▶ _SOURCE DATA_
::::::

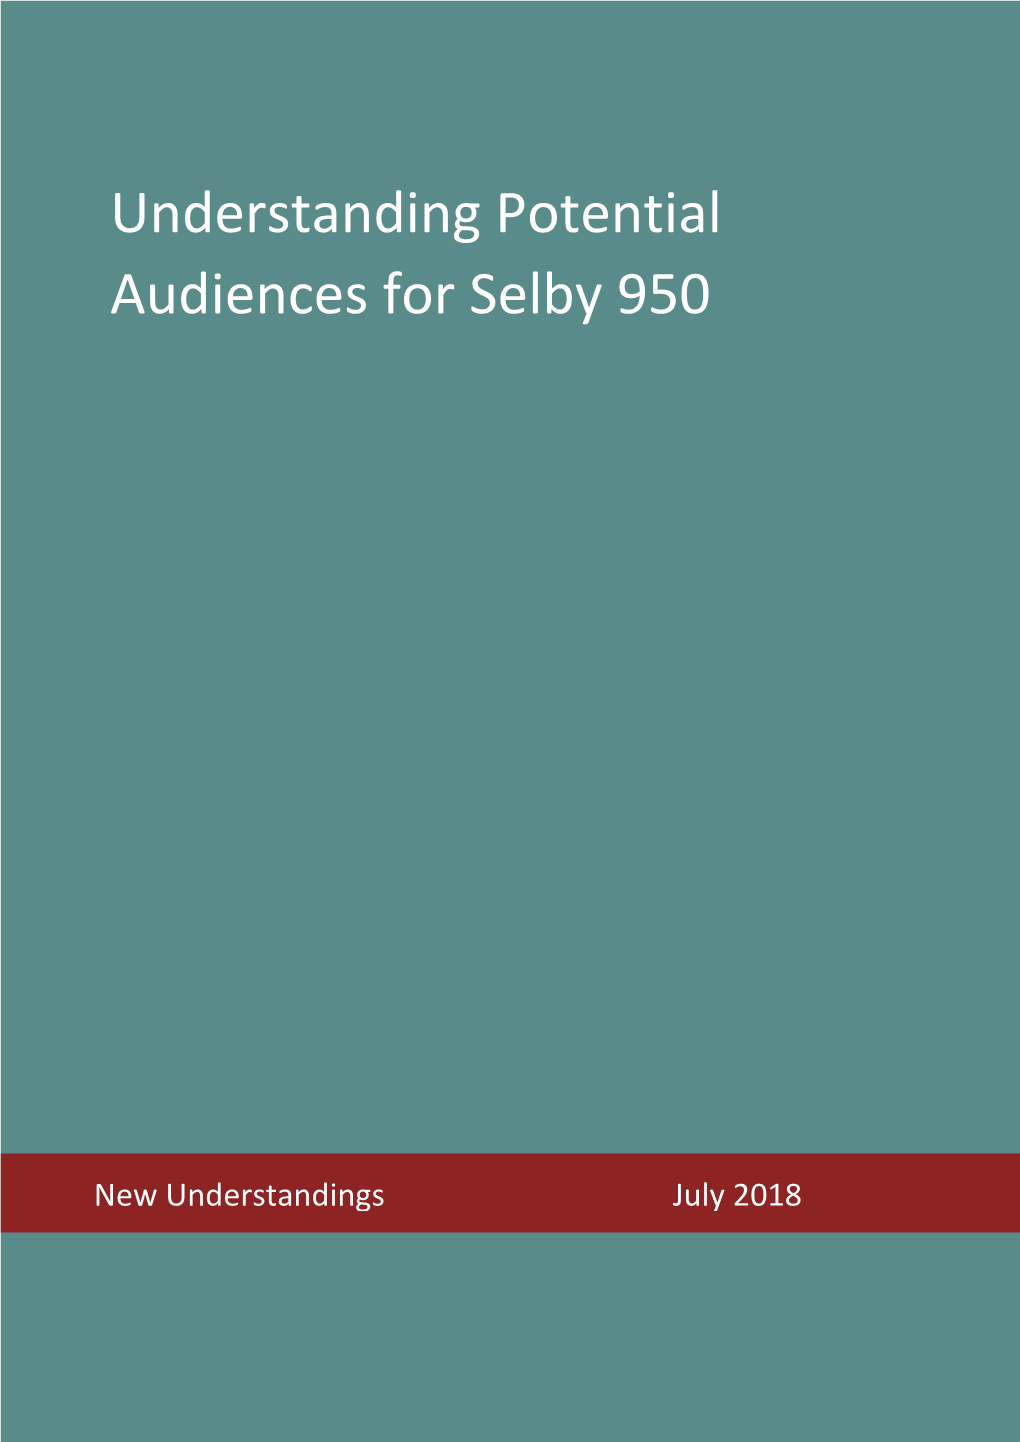 Understanding Potential Audiences for Selby 1 0.3 Methodology 1 0.4 Key Findings 2 0.5 Key Learnings 4 0.6 Next Steps 7
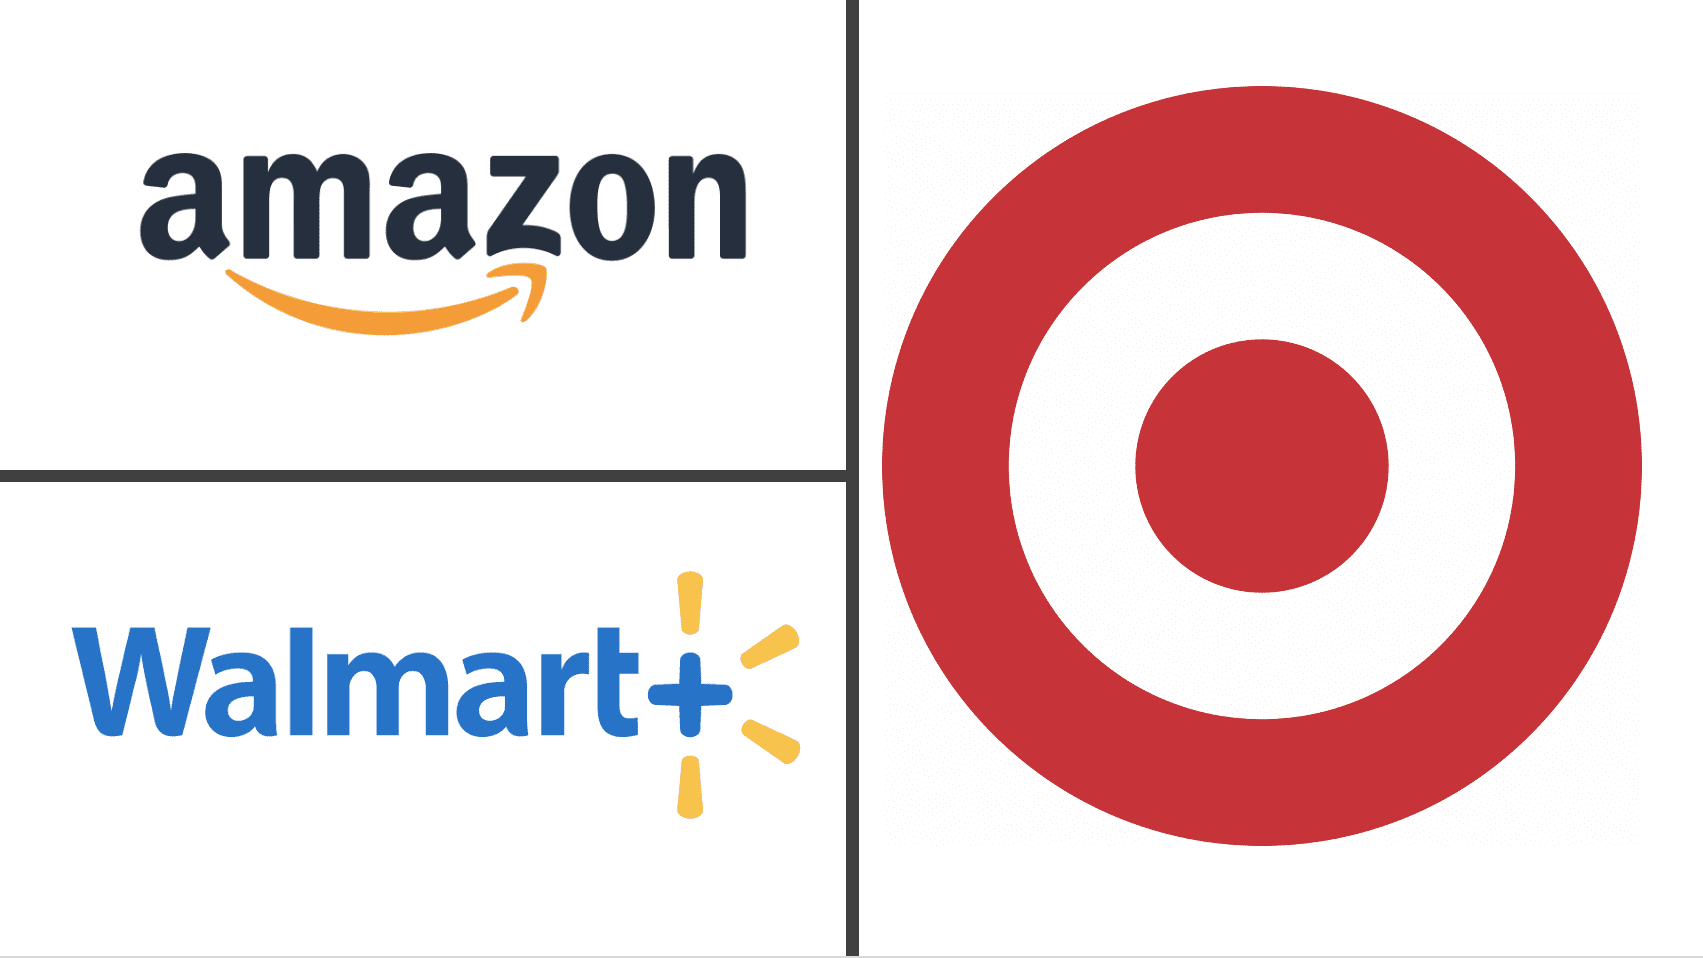 Amazon, Target, and Walmart logos
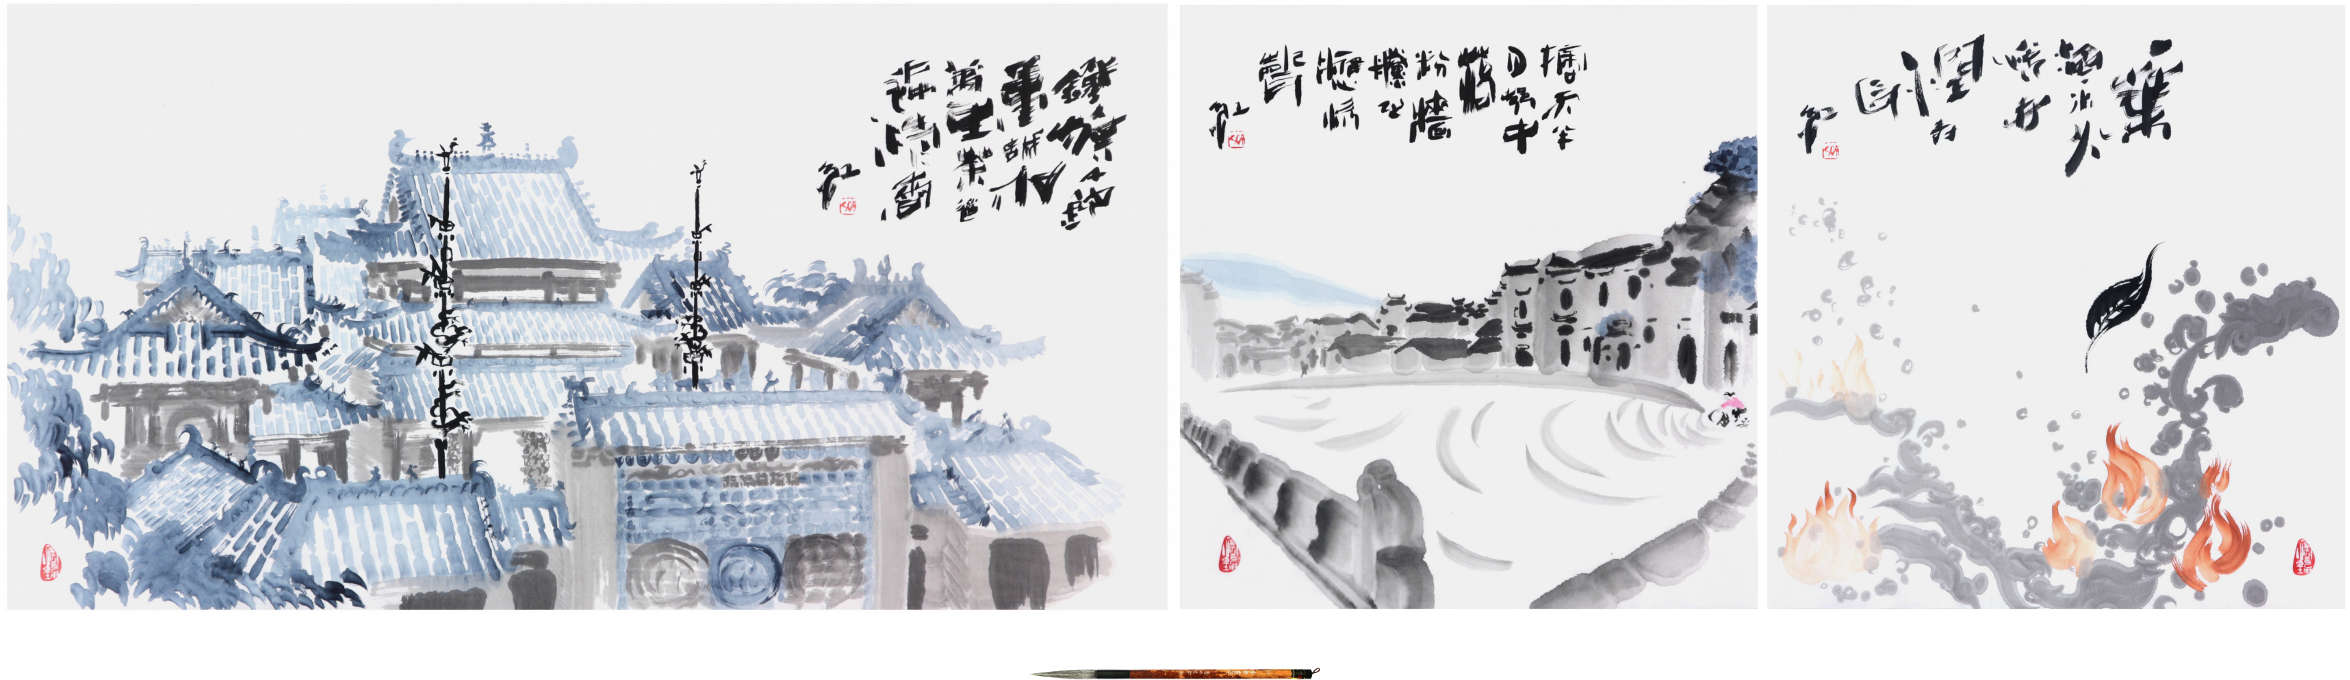 Sai Koh (Qi Hong)’s Freehand Brushwork Chinese Paintings: ruler painting, imaginary paintin, literati painting, ink wash painting
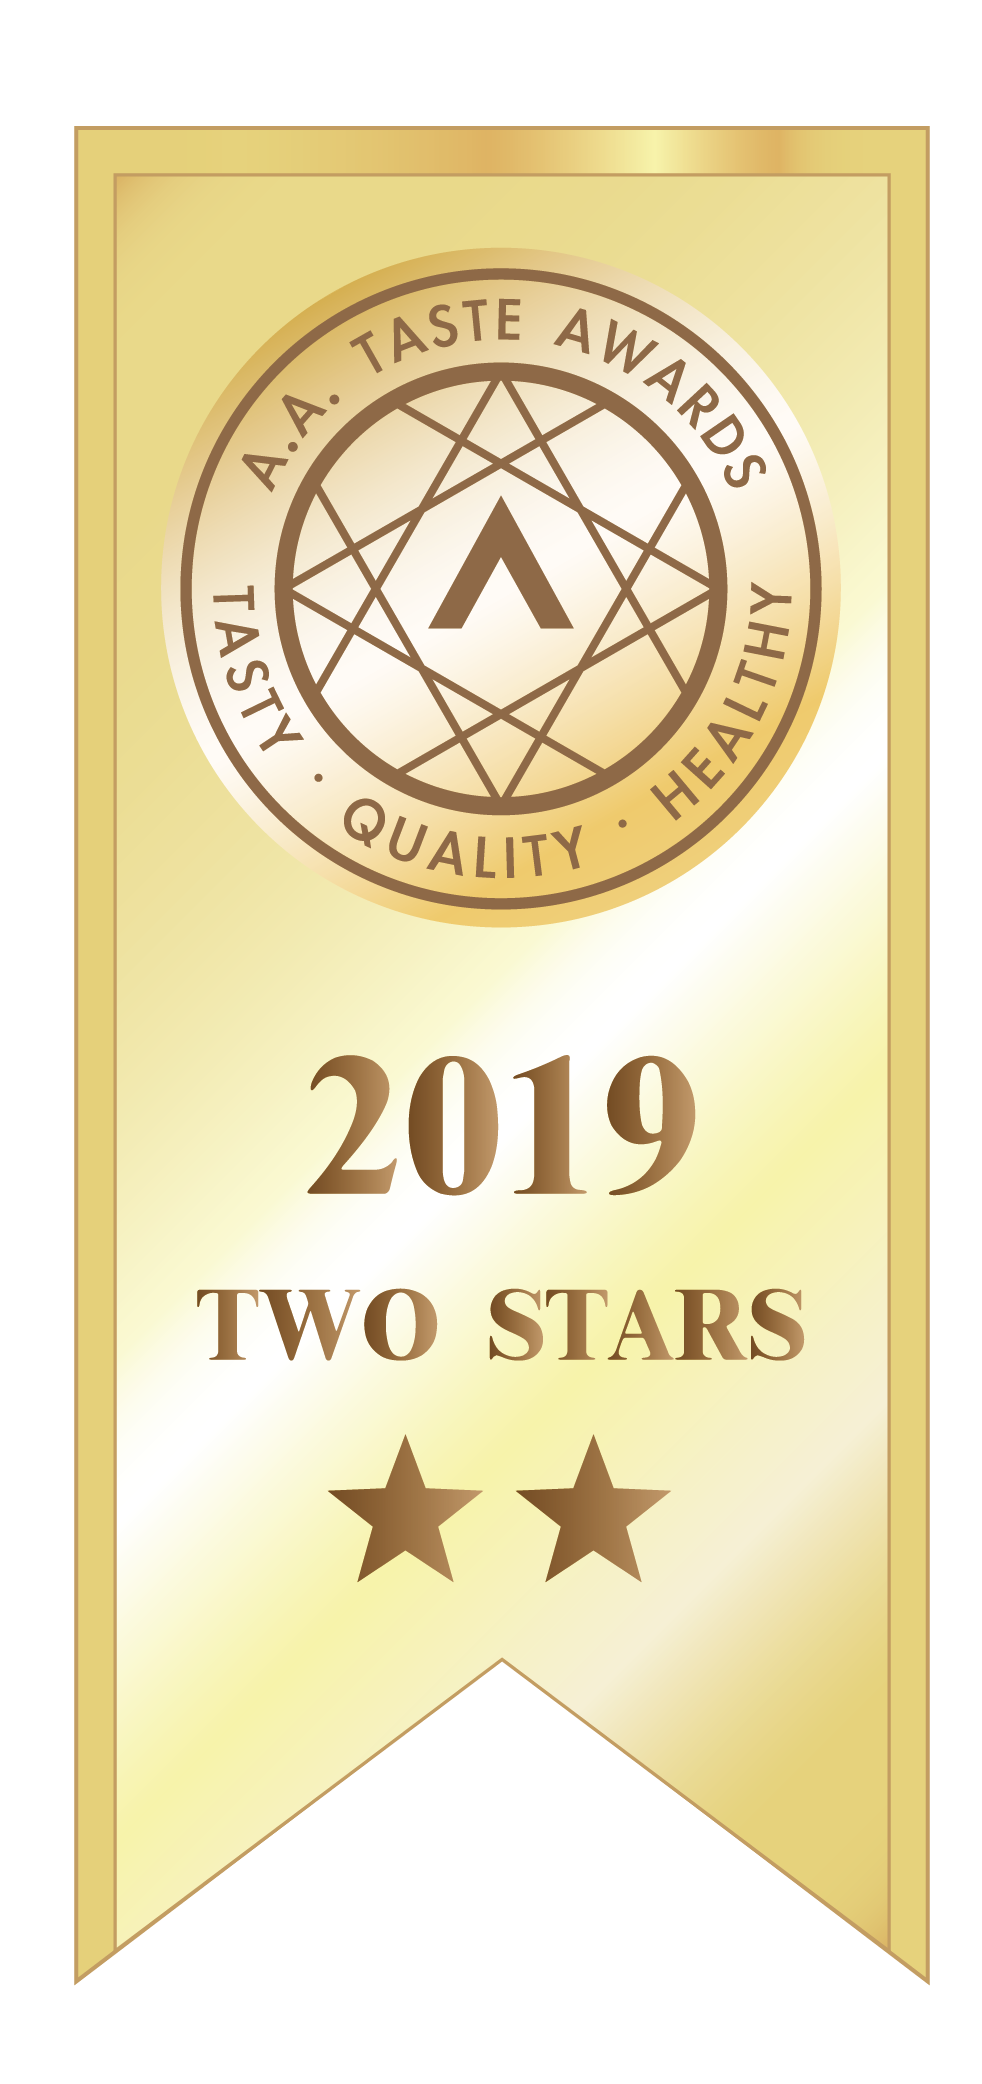 A.A. Taste Awards 2019 Two stars

::::::

▶ _WHAT THE EXERCISE ASKS_
The response should reproduce all the material above exactly and leave out its pictures.

▶ _TASK ANSWER_
 Understanding Potential Audiences for Selby 1 0.3 Methodology 1 0.4 Key Findings 2 0.5 Key Learnings 4 0.6 Next Steps 7
 Amazon, Target, and Walmart logos
 Sai Koh (Qi Hong)’s Freehand Brushwork Chinese Paintings: ruler painting, imaginary paintin, literati painting, ink wash painting
 A.A. Taste Awards 2019 Two stars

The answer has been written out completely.